EXERCISE DETAILS: Beginning with the line containing "Clivet Cristallo air" and ending at the last line of the data, set down every line exactly, leaving out all pictures.

INFORMATION PROVIDED:
================

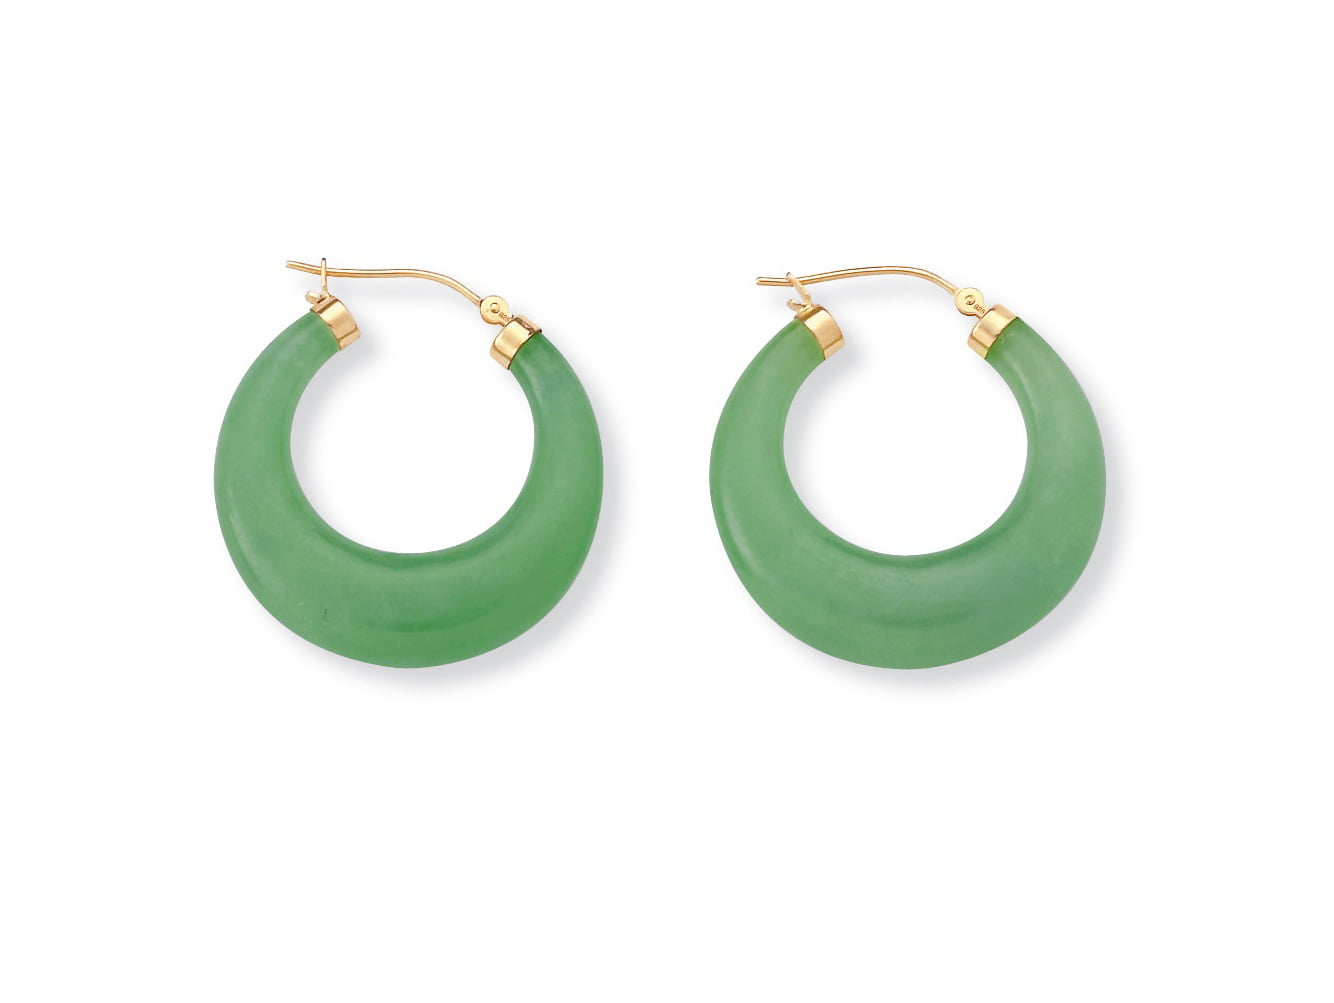 real jade earrings hoop earrings with gemstone charm sterling silver hoop earrings with beautiful aqua green jade charm light green jade
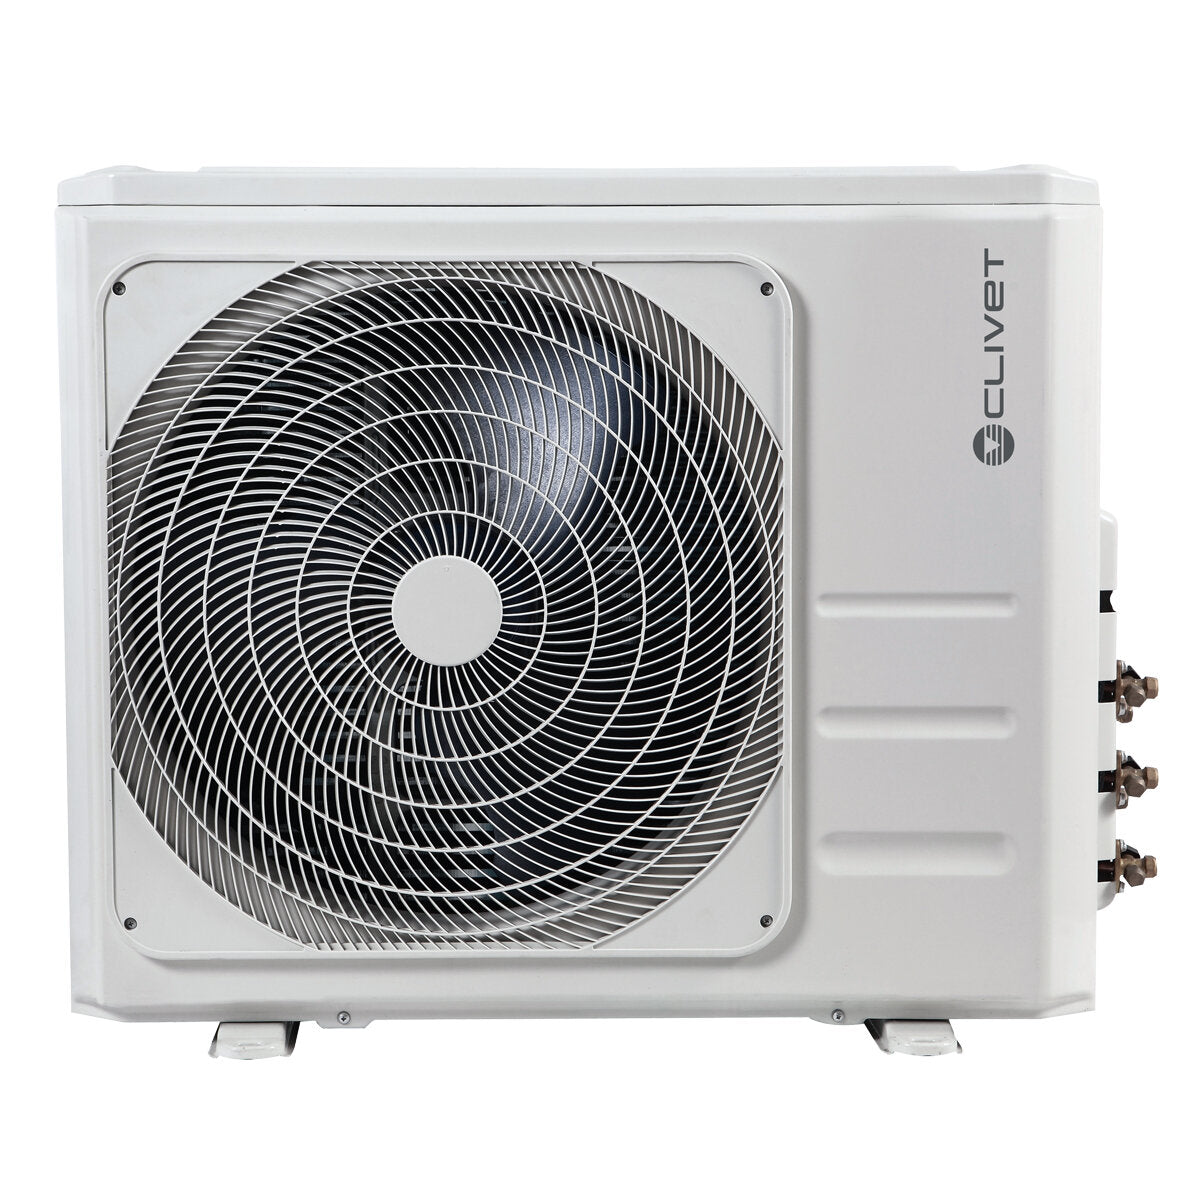 Clivet Cristallo air conditioner 2 split panels 9000+9000+12000+18000 BTU inverter A+ wifi external unit 12.3 kW
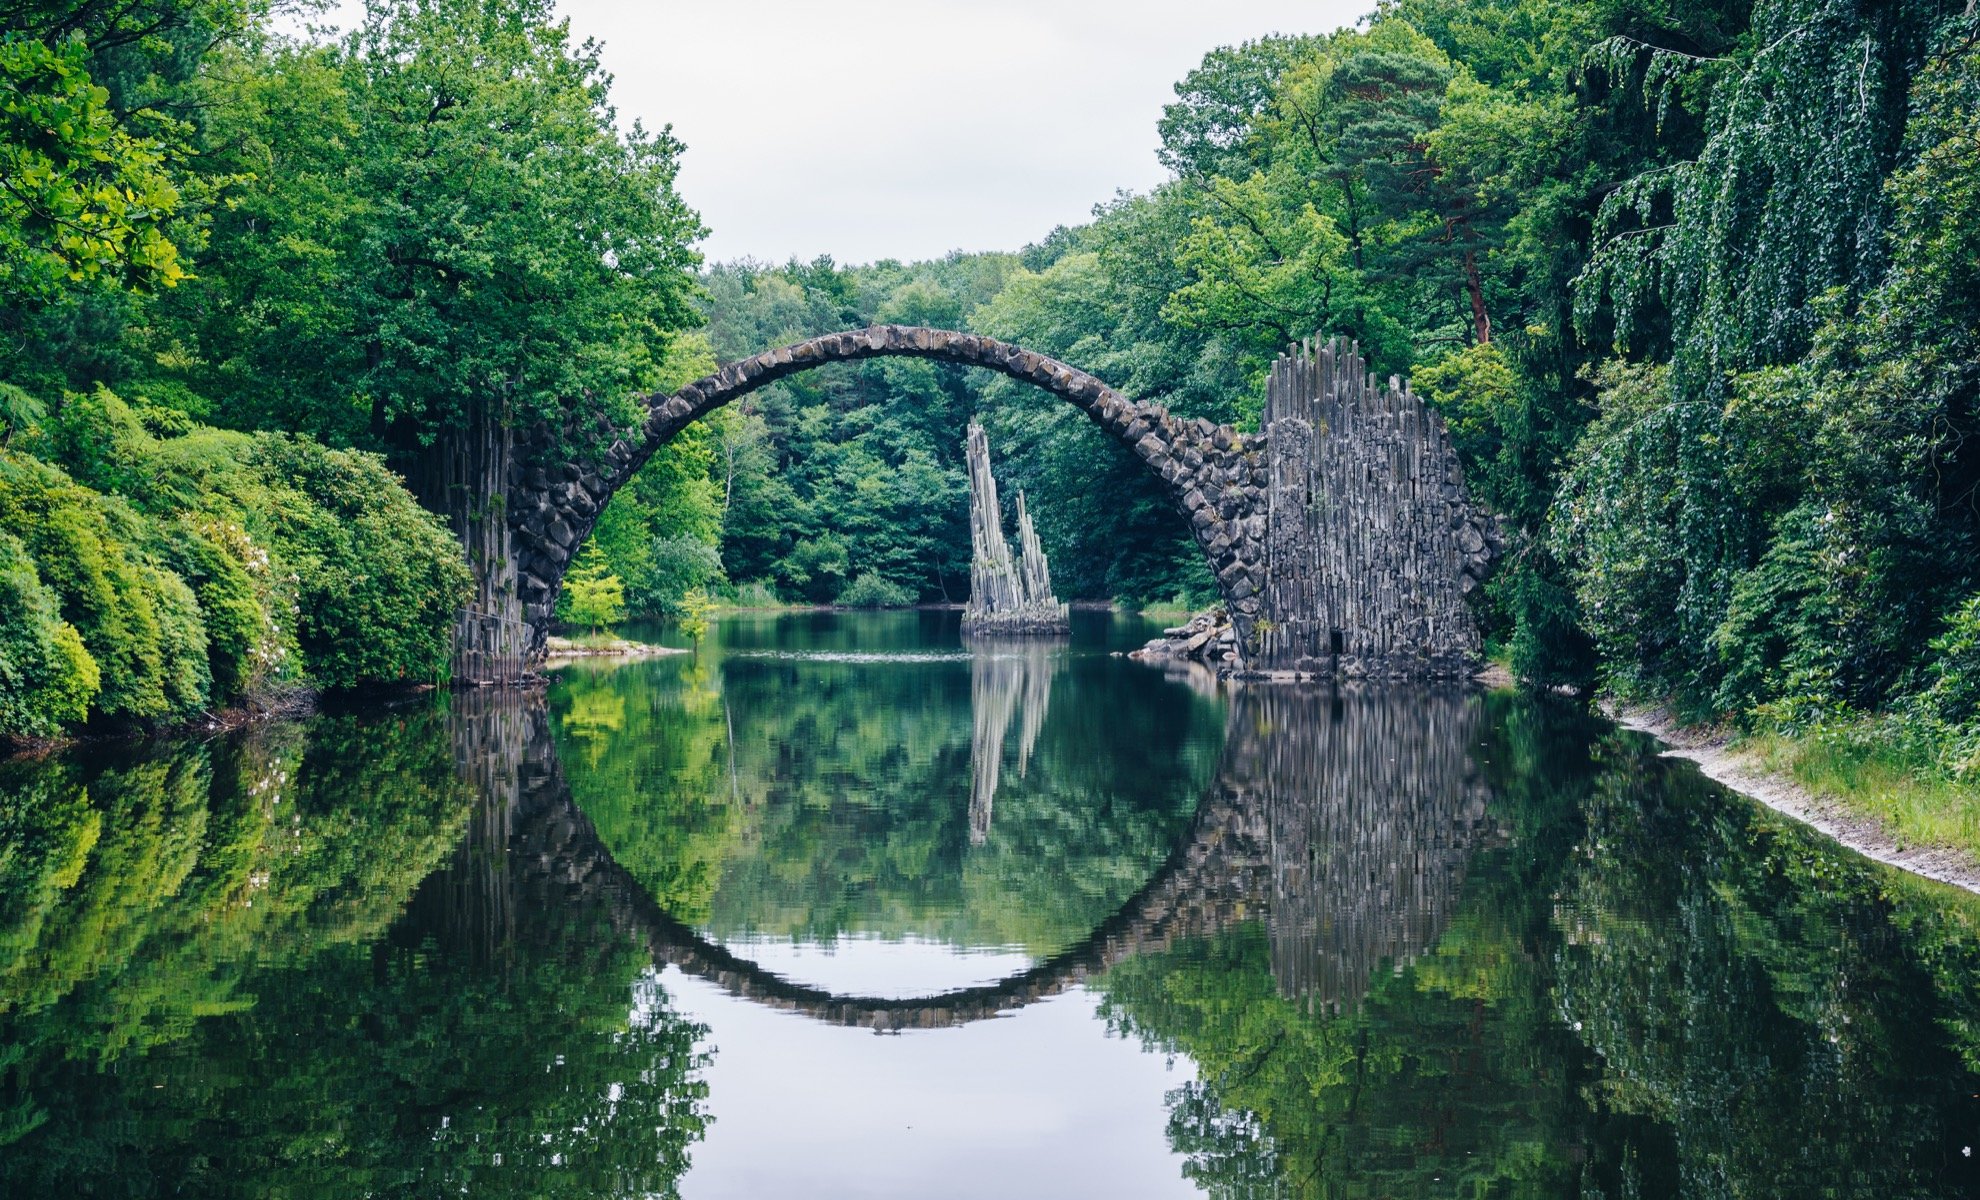 Conoce a Rakotzbrucke, el impresionante Puente del Diablo de Stone de Alemania - 13

================

EXERCISE ANSWER:
 Clivet Cristallo air conditioner 2 split panels 9000+9000+12000+18000 BTU inverter A+ wifi external unit 12.3 kW
 Conoce a Rakotzbrucke, el impresionante Puente del Diablo de Stone de Alemania - 13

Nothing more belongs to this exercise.